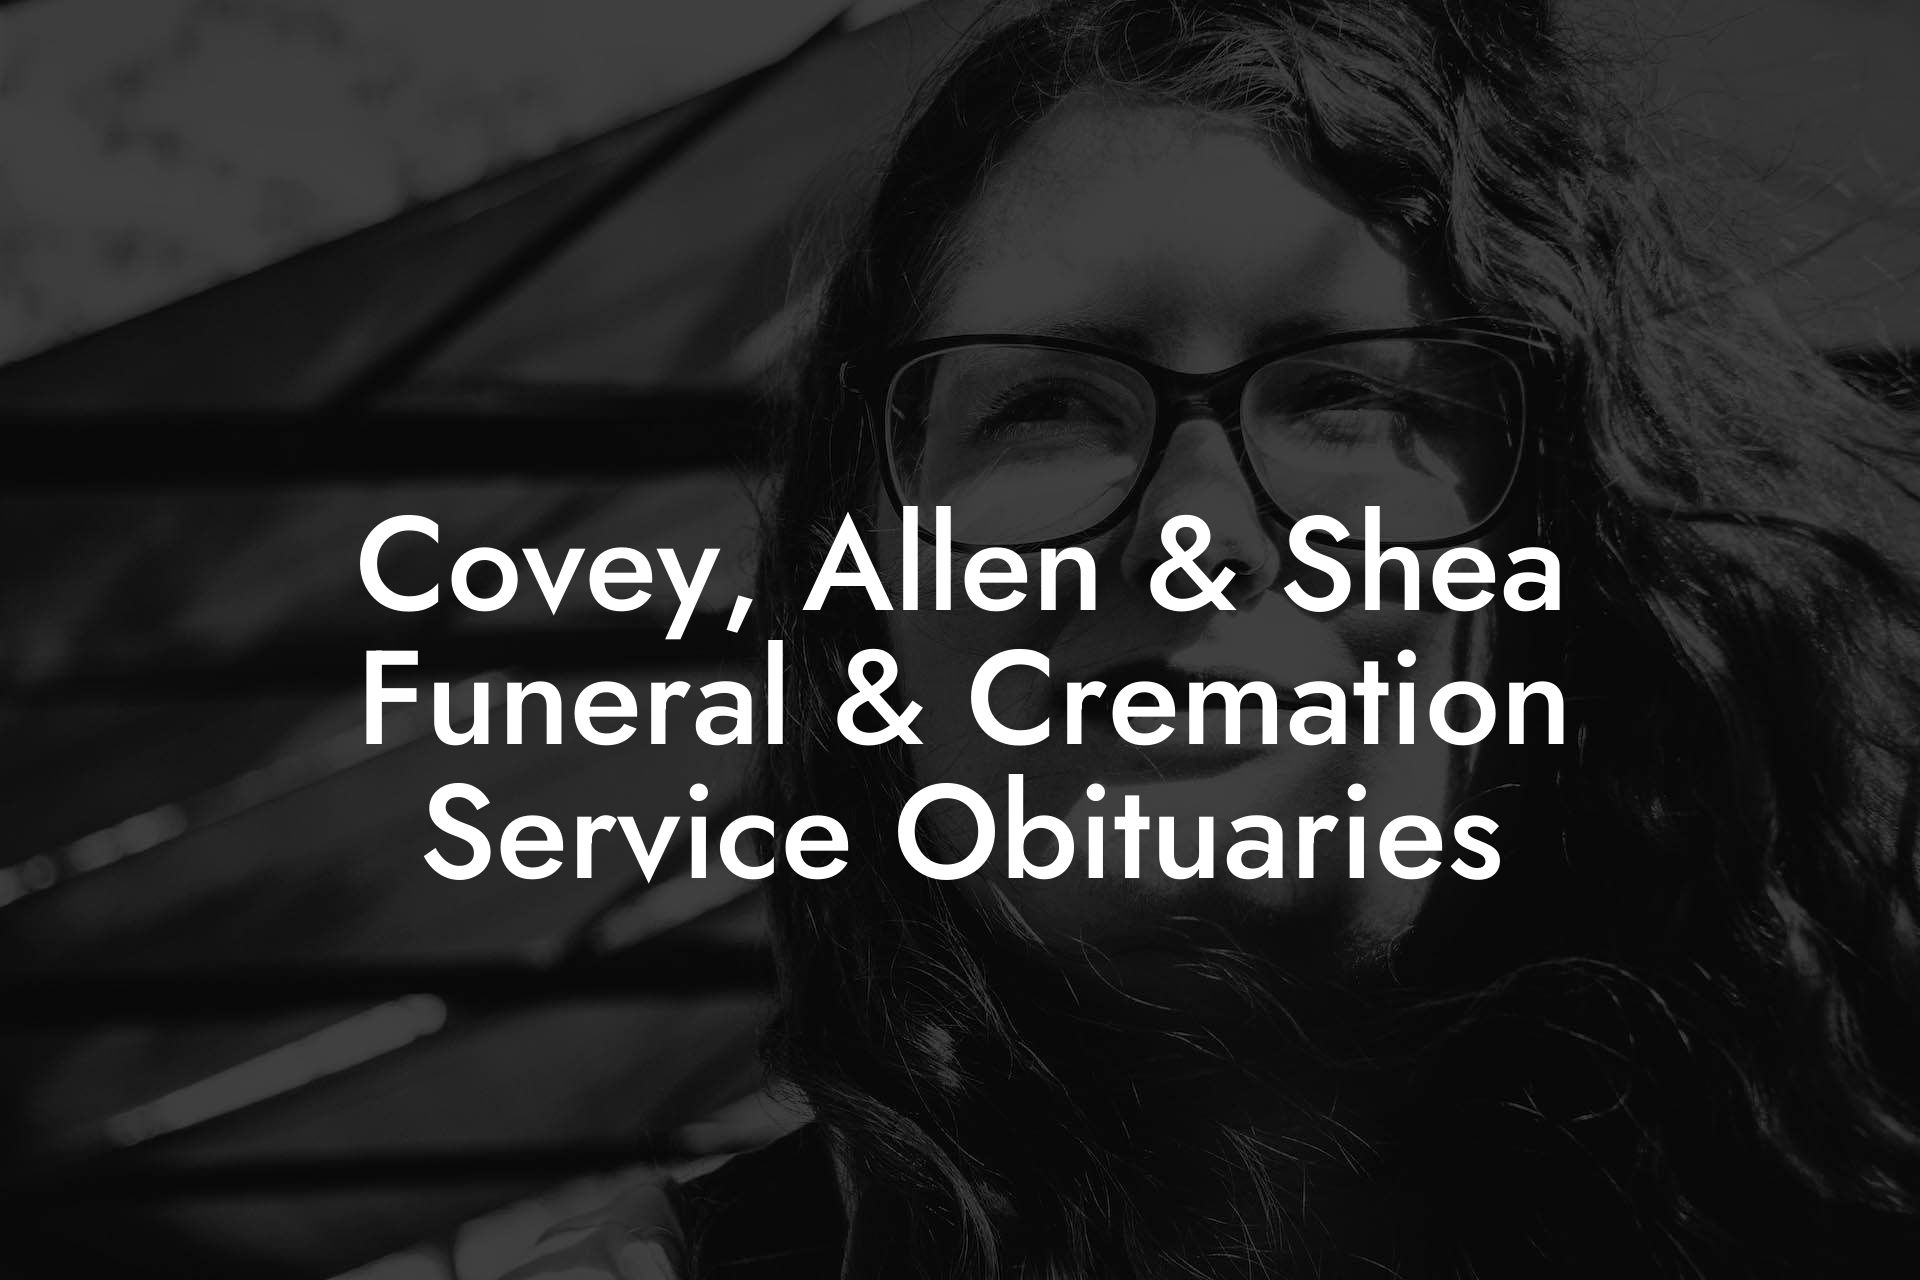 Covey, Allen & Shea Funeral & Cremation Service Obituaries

◇ ◇ ◇ ◇ ◇ ◇ ◇

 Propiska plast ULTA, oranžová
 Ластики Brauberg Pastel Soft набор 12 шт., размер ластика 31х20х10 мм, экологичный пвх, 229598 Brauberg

◇ ◇ ◇ ◇ ◇ ◇ ◇

- **Exercise**: What you return must be an exact retyping of the lines above starting at the line with "Propiska plast ULTA, oranžová" and ending at the line with "Ластики Brauberg Pastel", and nothing besides.

- **Answer**:
 Propiska plast ULTA, oranžová
 Ластики Brauberg Pastel Soft набор 12 шт., размер ластика 31х20х10 мм, экологичный пвх, 229598 Brauberg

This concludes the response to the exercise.